Он перестал ходить к Чермакам. С некоторых пор их тихий дом жил обособленной жизнью. Мошна чувствовал себя теперь там непрошеным гостем, хотя к нему относились с прежней сердечностью. Притих и Чермак, одолеваемый заботами. Старый ювелир считал себя ответственным за все, что происходило между Йозефиной и раненым гостем и чего он не мог не видеть. Но, с другой стороны, старик испытывал какую-то виноватую радость от той радости, какой жила теперь его любимая дочь.
Йозефина тоже стала тише, мягче; исчезли ее прежние резкие, внезапные повороты мыслей. Ее движения сделались плавными, девушка расцвела новой, трогательной красотой. Глаза ее потемнели, а губы оживляла улыбка — та улыбка, обещание которой освещало уже столько знаменитых стихотворений или женских портретов.
Часто прибегала она на кухню, где отец проводил большую часть времени над газетами, и, обняв его порывисто и пылко, снова убегала.
Быть может, именно поэтому Мошна с новой силой затосковал по Пепичке.
Возобновилось почтовое сообщение между оккупированными частями Чехии и остальным, так сказать, свободным миром.
Мошна напишет Пепичке. Пошлет ей длинное письмо, в котором опишет все, что мучает его, скажет, как он по ней тоскует. Если б не ежедневные спектакли, если б он мог покинуть актерскую семью (но он не может, не может!) — помчался бы в Рокицаны, добрался бы до Добржива, и там… Гм! Там было бы видно…
Было часов одиннадцать утра.

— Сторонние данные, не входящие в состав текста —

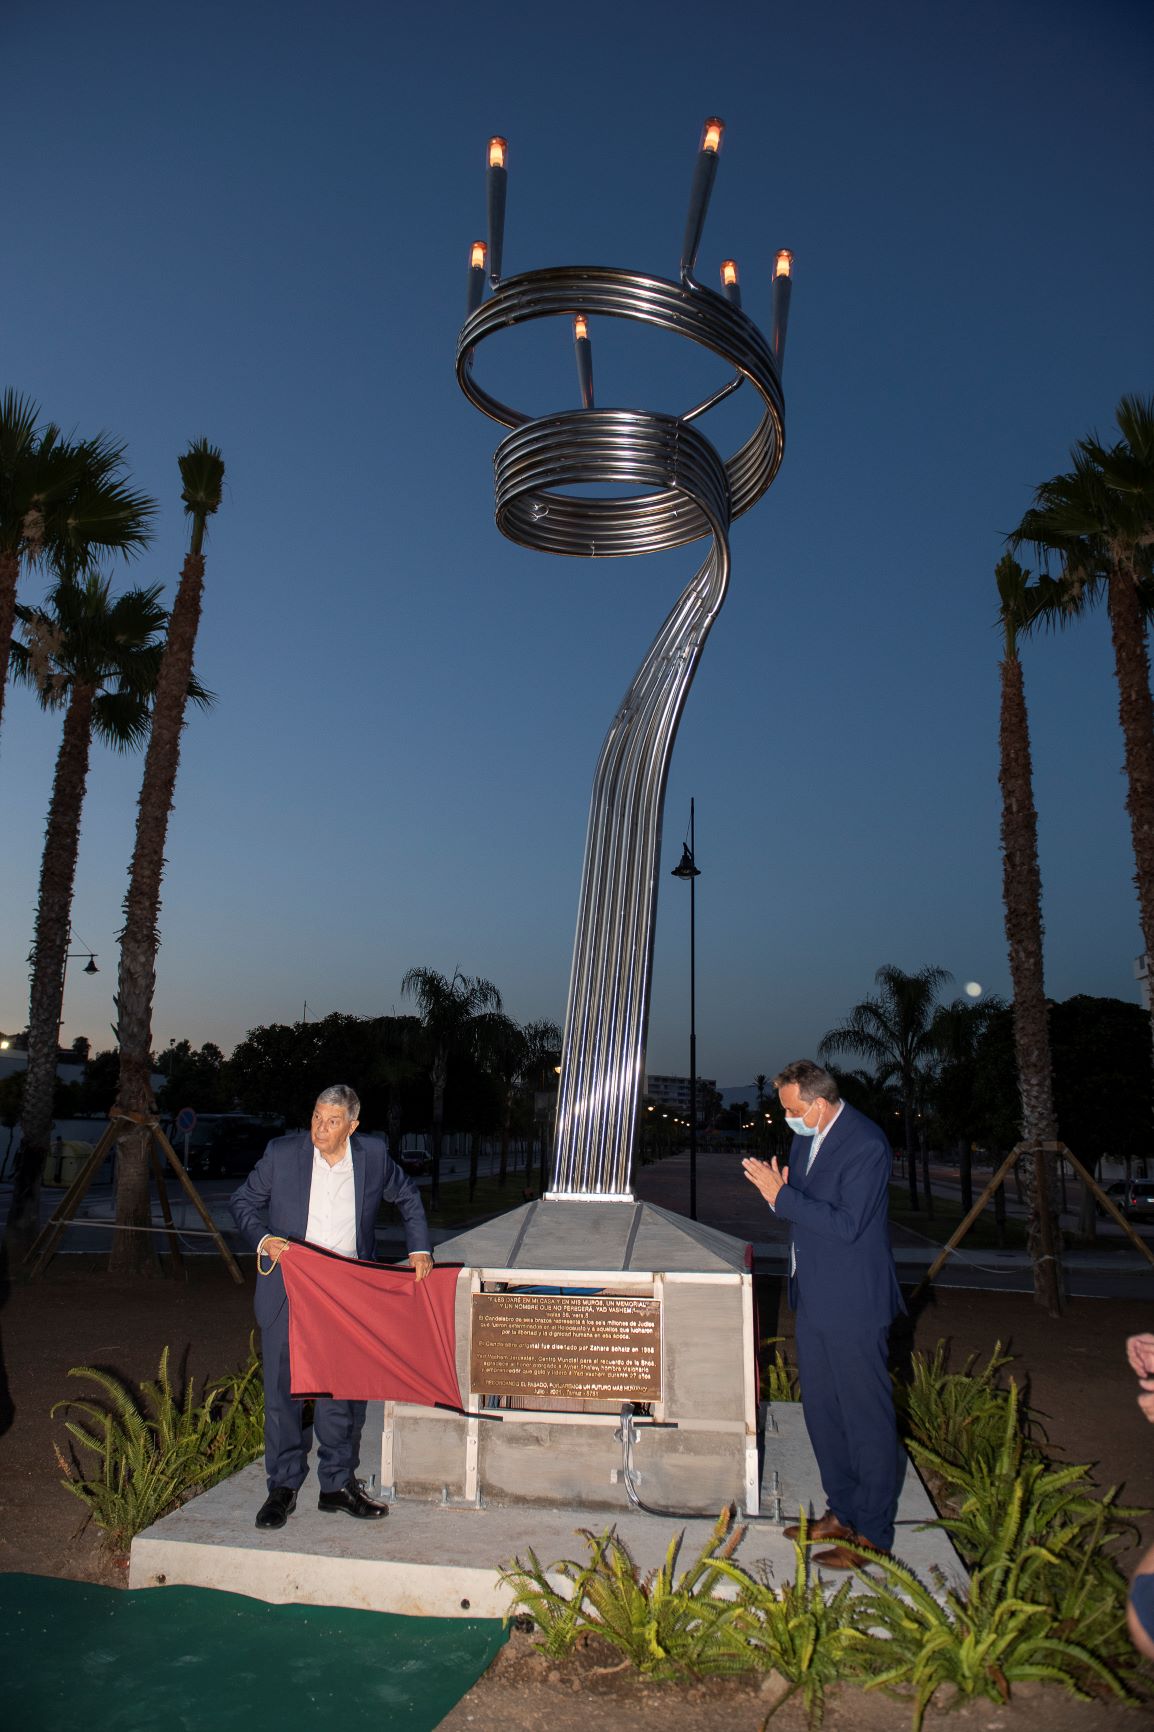 Avner Shalev durante la develación de una placa en su honor al pie de la Menorá de Yad Vashem junto al alcalde de la ciudad de Torremolinos el Sr. D. José Ortiz García

Августовское солнце передвинулось на противоположную сторону Вацлавской площади, озарив маленькую комнату Мошны.
«Надо бы мне приобрести аквариум с рыбками», — подумал он, когда солнечные лучи заиграли в воде стеклянной вазочки, в которой увядало несколько тюльпанов.
Мошна с серьезным видом сел к столу и начал писать — сначала начерно.
Когда актер пишет, он прежде мысленно с надлежащим пафосом произносит слова. Прочитывая потом написанное, но уже без первоначальной интонации, он видит вдруг, что написал не то чтобы глупо, но просто не сумел выразить, что хотел.
Мошна исписал пять листов — и три из них выбросил. На одном листе он раз пятнадцать варьировал обращение:
«Пепичка!»
«Дорогая Пепичка!»
«Любимая, далекая…»
«Благородная душа» (это было зачеркнуто).
«Любимая, далекая Пепичка!»
«Посмею ли я назвать Вас нежным именем — Пепичка?»
«Посмею ли назвать Вас неж. им. Пепичка?»
«Смею ли Вас назв. Вашим нежн. им. дорогая, любимая, дал. Пепичка?»
«Барышня Пепичка!» (и это было тотчас зачеркнуто).
«Пепча!» (тоже вымарано так, чтобы ни черточки не было видно. «Пепча» или еще «Пепулинька» — такие сокращения начали входить в моду в «лучших домах»).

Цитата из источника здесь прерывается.